Летом в хорошую погоду мы компанией обычно отправлялись на лодке удить рыбу. Компания наша состояла из меня, моего брата, нашей матери и двух служащих железной дороги. Одного из них звали Мессаритис, другого Калейропулос, оба были страстными рыболовами. Мессаритис был мечтателем и романтиком. Среднего роста, с небольшой бородкой каштанового цвета он напоминал хориста из какой-нибудь оперной мелодрамы вроде «Риголетто»: одного из тех, что в костюмах придворных и прочей знати заполняют глубину сцены, в то время как на первом ее плане солисты всей силой своего голоса пытаются излить печали и радости героев.
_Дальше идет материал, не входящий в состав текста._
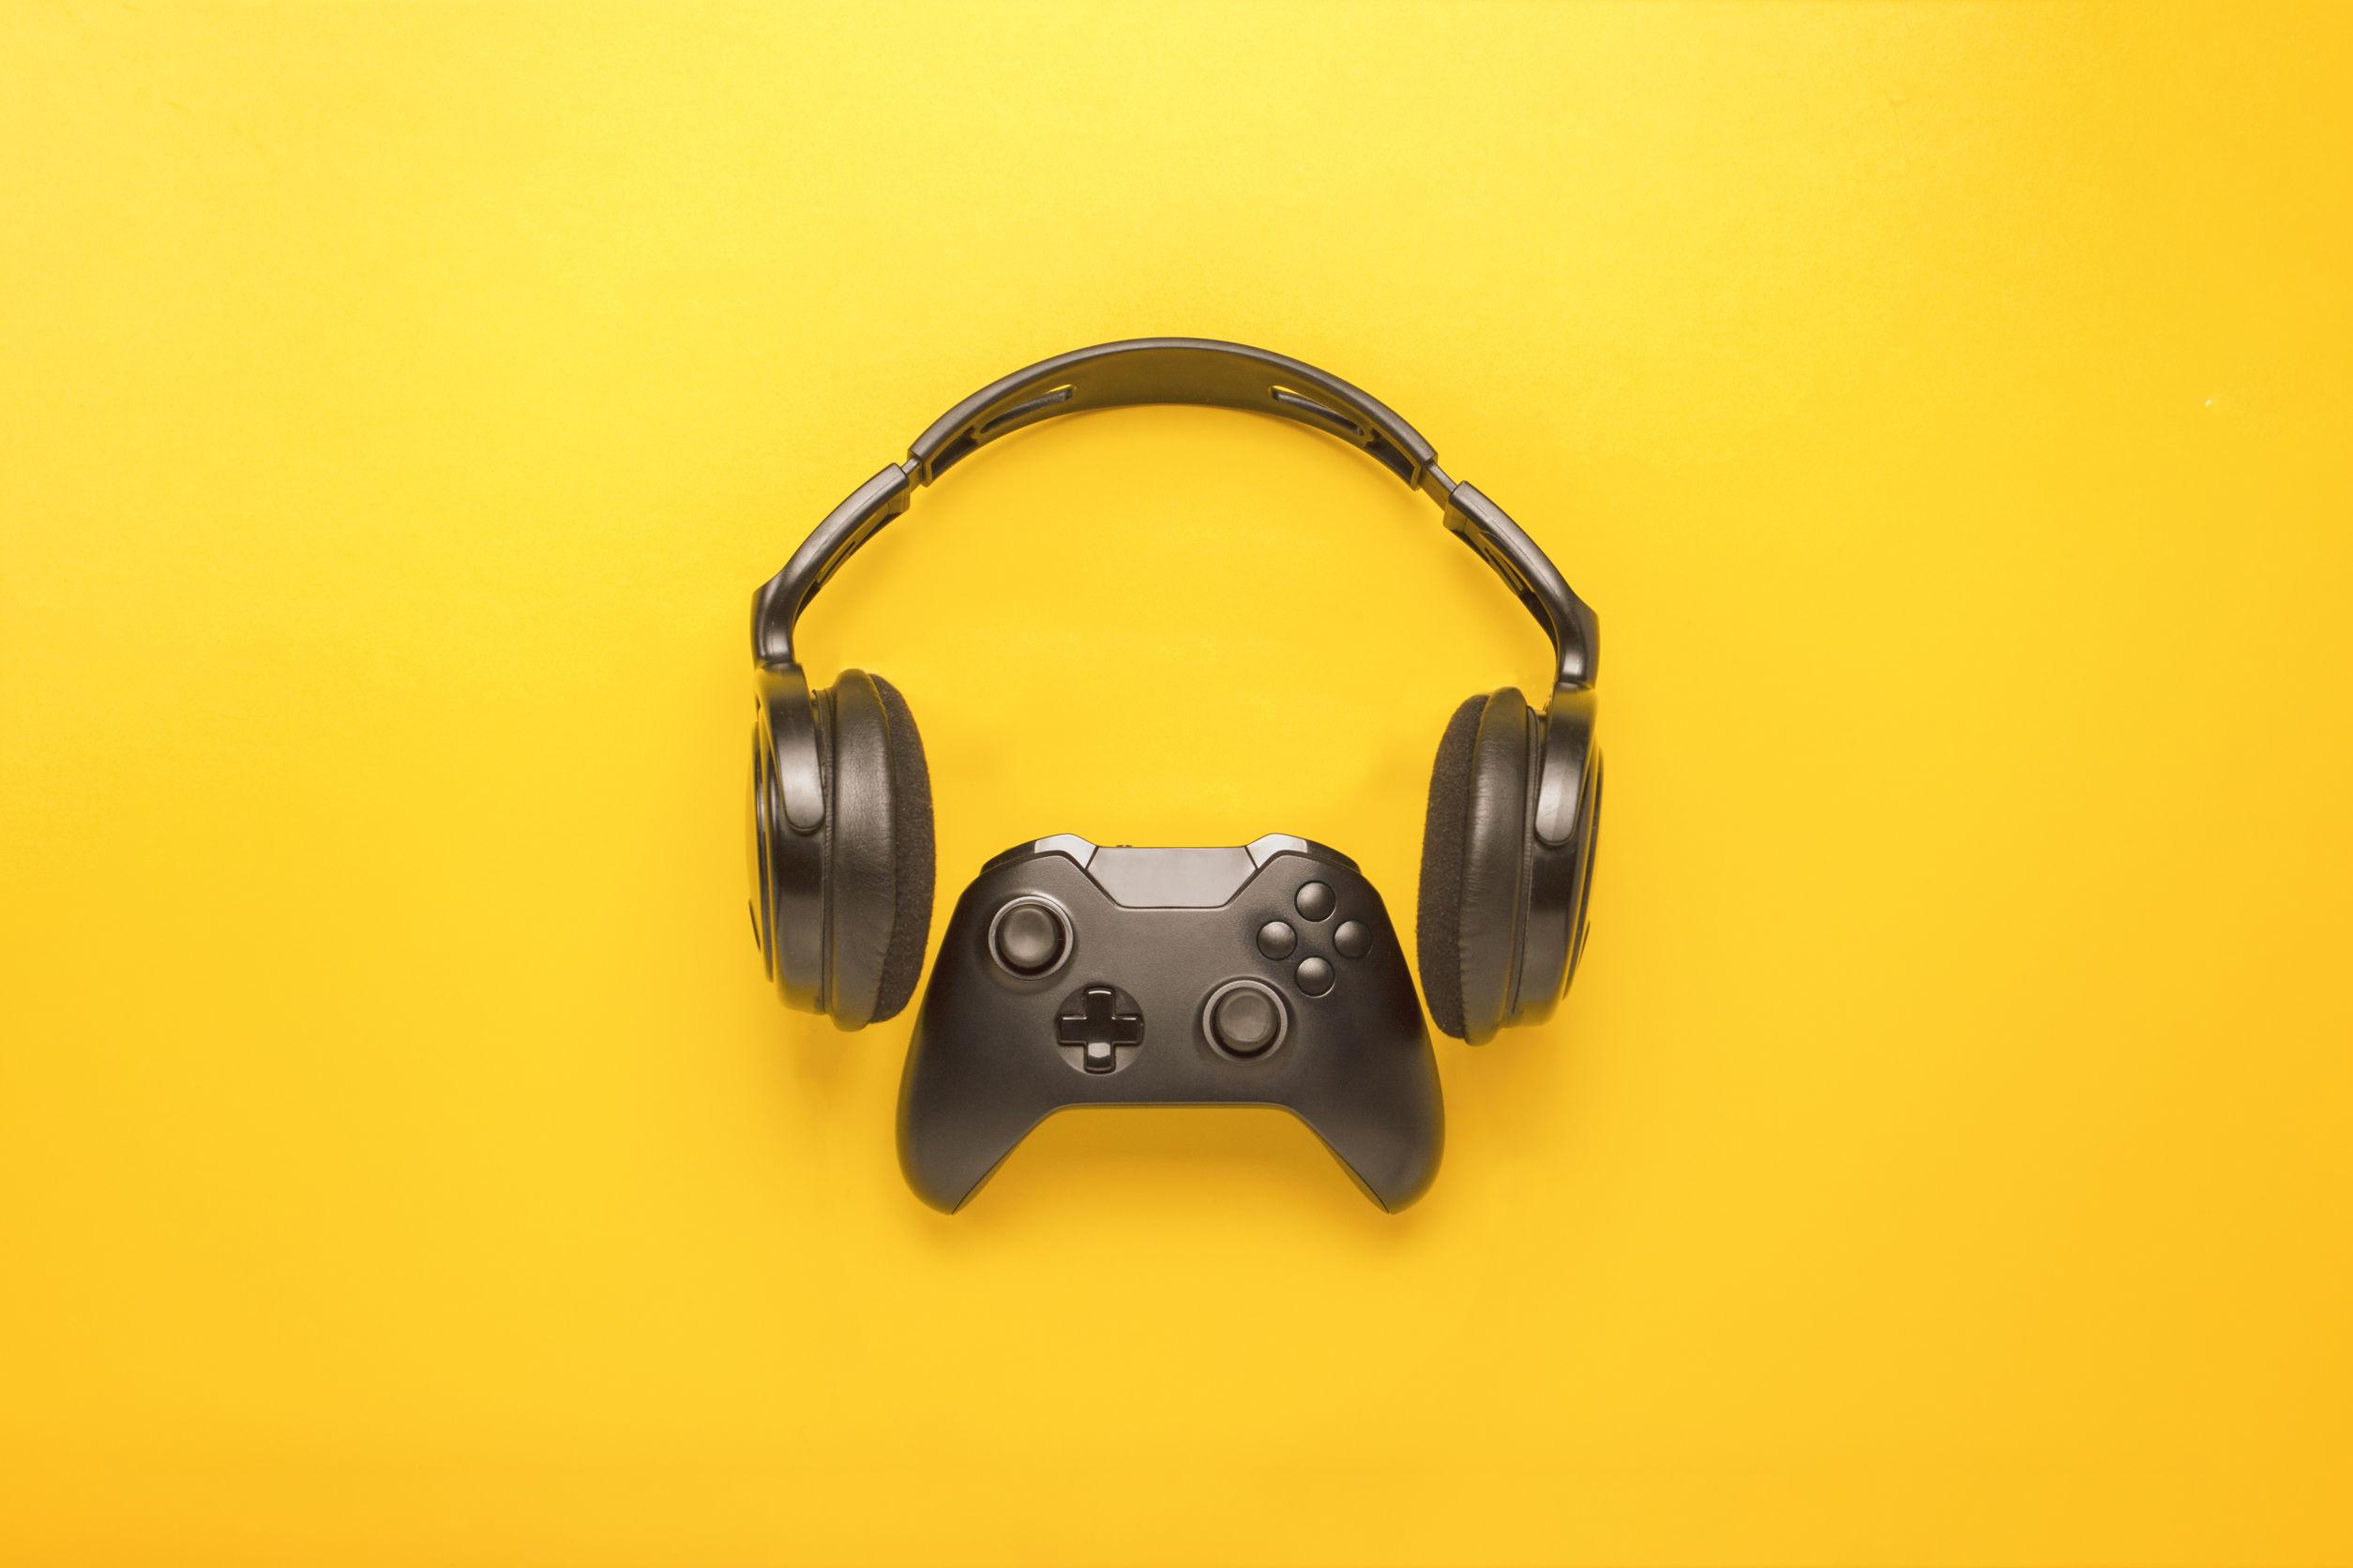 Audífonos gamer: ¿Cuáles son los mejores del 2020?

Мессаритис был машинистом локомотива и, как покойный болгарский царь Борис, любил фотографироваться на паровозе, испачканным сажей и опирающимся правой рукой на рычаг управления[6]. Однако вечерами, закончив работу, он принимал весьма элегантный вид и, надев белый парусиновый жилет, отправлялся поужинать в саду, выходящем прямо на берег моря, при гостинице под названием Albergo di Francia. Там он заказывал себе великолепный, изысканного вкуса плов с жареным мясом молодого барашка, нежным и почти сладким, словно торт. Мессаритис был очень сентиментален и романтичен; он постоянно влюблялся в женщин и девушек, которые не могли ответить ему взаимностью. Оказавшись с нами в кафе на берегу, чтобы подавить в сердце очередную страсть и излить душу, он низким голосом напевал мне слова популярного греческого романса:

 
Эти черные глаза, что смотрят на меня,
О мой свет, опусти их,
Иначе они убьют меня.
 

Калейропулос, напротив, был скептиком и шутником; был он, возможно, глубже и метафизичнее Мессаритиса. Он играл на скрипке и виолончели и участвовал в концертах камерной музыки, проходивших в доме жены австрийского консула Минчаки. Супруги Минчаки были родом из Триеста, позже в Венеции я знавал их племянника инженера Эренфрейда, которого в Венеции все знали как Фруми. Калейропулос также пел, но делал это тайком и всегда в шутку. Постоянно слушая итальянские оперы в оригинале, он, в конце концов, немного освоил наш язык. Пребывая в шутливом расположении духа, он обычно напевал мне по-итальянски такую песню:

 
Ma in campagna è un’altra cosa
C’è più gusto a far l’amor
Perchè là il cuor riposa
Vicino al suo tesor [7].
 

Но в один прекрасный день Калейропулос поведал мне печальную и загадочную историю в духе трудного для понимания, смутного пролога к «Новой жизни» Данте Алигьери[8]. Он рассказал мне, что, когда был маленьким, в их краях жила девочка его возраста, дочь соседей по дому. Он часто играл с ребенком, и они стали большими друзьями. Однажды маленькому Калейропулосу приснилось, что он находится в своей комнате и разглядывает канарейку в висящей на окне клетке; во сне эта канарейка похожа была на его маленькую соседку. Внезапно канарейка стала медленно раздуваться и, превратившись в огромный желтый шар, замертво упала на дно клетки. Маленький Калейропулос проснулся в слезах, убитый горем и уже до рассвета не мог заснуть. Когда же наступило утро, он услышал доносящиеся из соседнего дома возбужденные голоса людей и вскоре узнал, что его маленькая соседка той ночью умерла.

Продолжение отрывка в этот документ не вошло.